Karen @ Goodreads – Having read a lot of books about the Holocaust and having visited the Holocaust museum in DC and Yad v Shem in Israel, I keep telling myself that I have absorbed the significance of this horrible period of human history. And then I read a book like Stars of The Night and learn otherwise.

Mary @ Just Read Journal – This story is told from the perspective of a few of those children given a “ticket to life” as Caren Stelson calls it. Indeed, this nonfiction picture book will gently take the hand of upper elementary age children and help them walk a mile in the shoes of these refugee children-learning, feeling, and growing right along with them. Selina Alko’s mixed media illustrations include layers of somber texture and pattern boldly juxtaposed with hints of glimmering golden light. This book certainly deals with dire circumstances, and yet it’s clear in the actions of Nicholas Winton, and the parents of these children, that love and hope persisted.
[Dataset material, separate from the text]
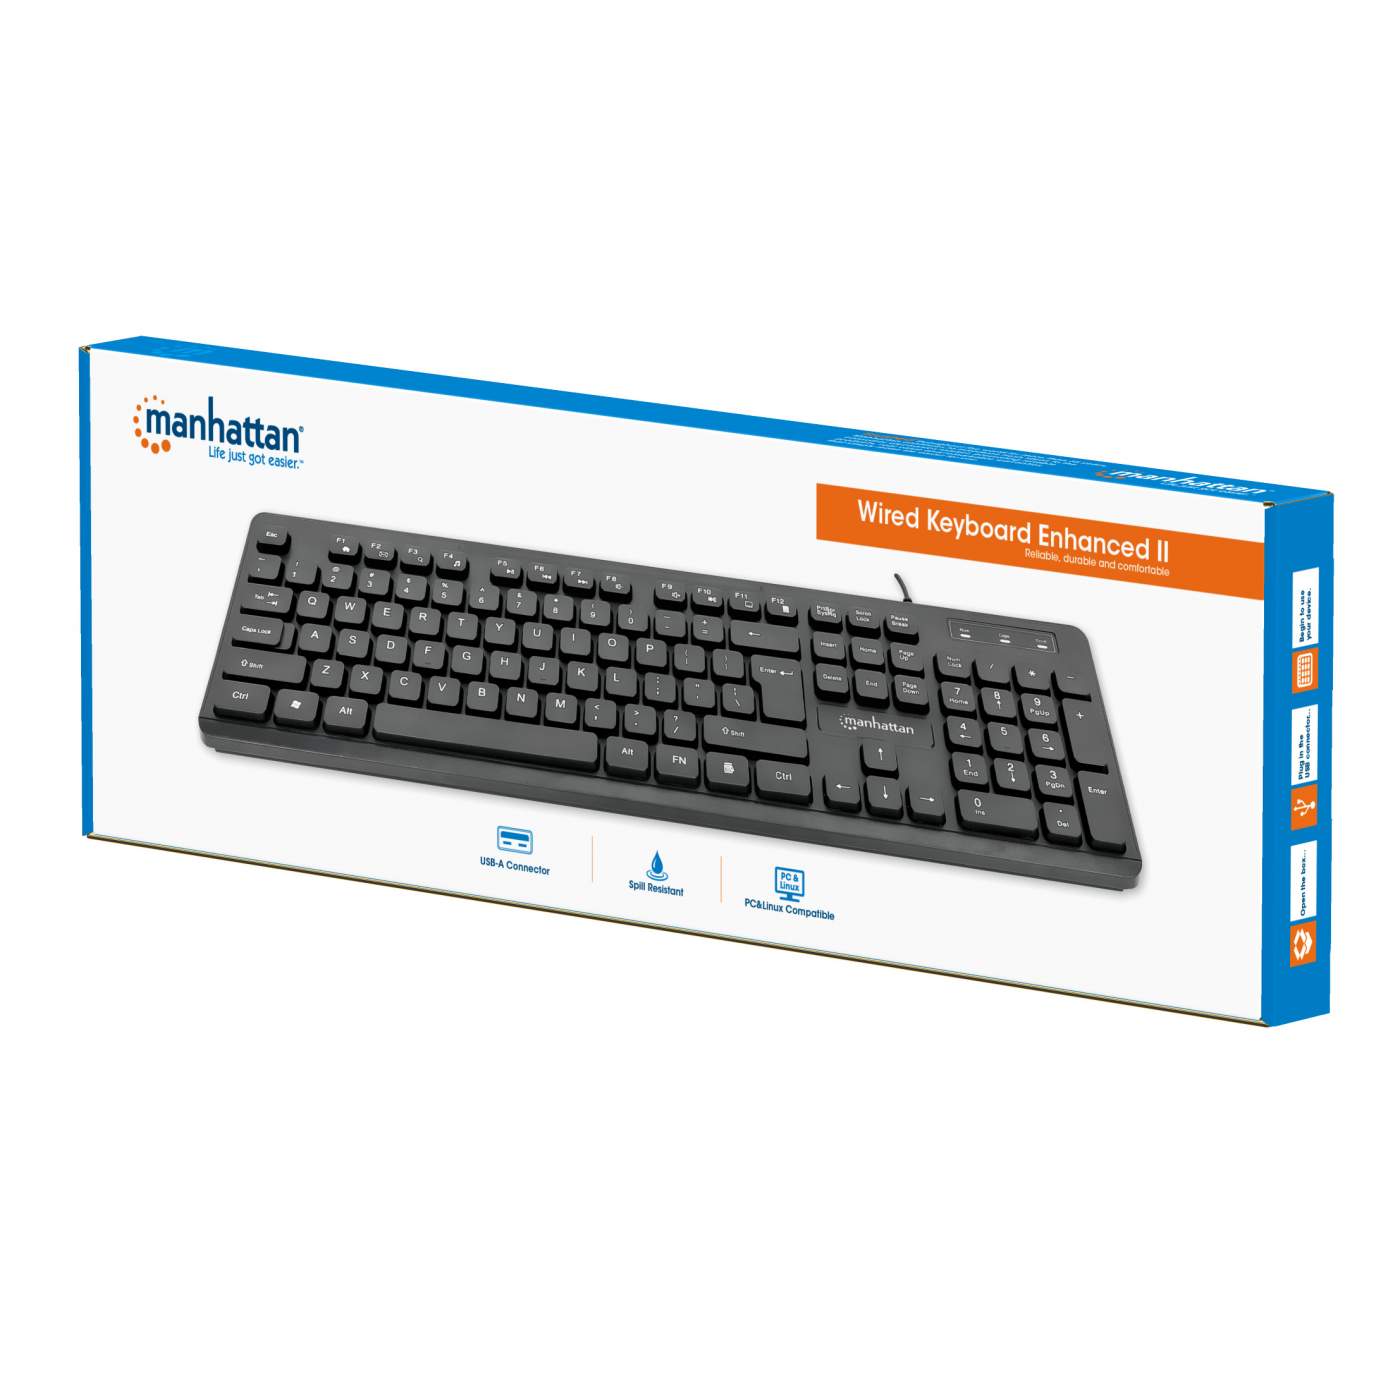 Wired Keyboard Enhanced II Packaging Image 2
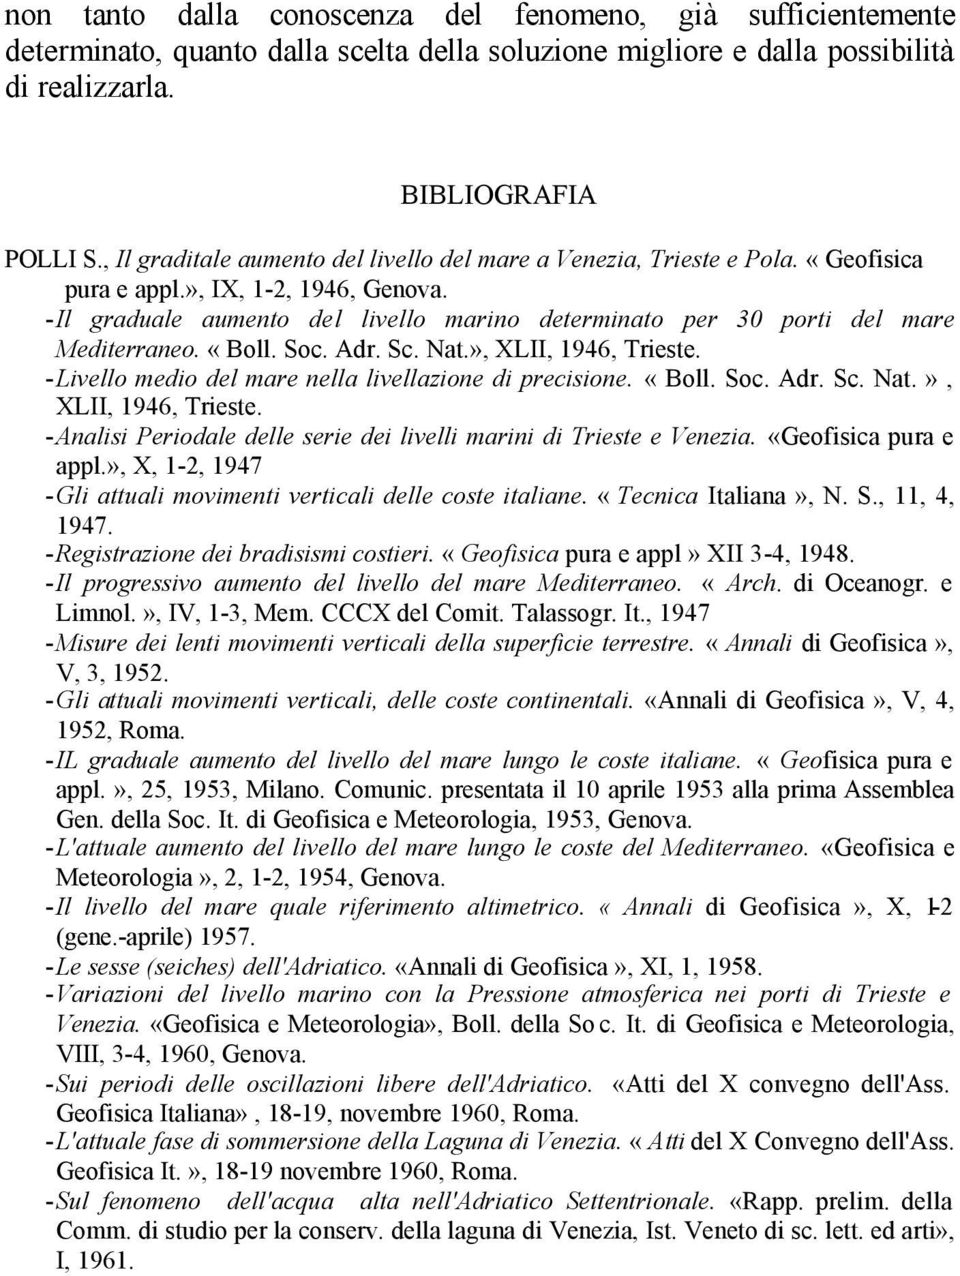 Il graduale aumento del livello marino determinato per 30 porti del mare Mediterraneo. «Boll. Soc. Adr. Sc. Nat.», XLII, 1946, Trieste.

Tiffany @ Goodreads – The illustrations are quite magnificent and unique with multiple textures and what appears to be real life materials used throughout the pages. The illustrations also show the great emotion that the parents and children had throughout the tragic event.

Reshama @ Goodreads – Heart wrenching non-fiction picture book that depicts the trials and tribulations of the children that had to leave their parents and families behind to escape the German invasion. Simple but lyrical text and colorful illustrations makes this accessible to a younger audience. Back matter gives the timeline of kindertansport and the history of the person behind the idea. Must read!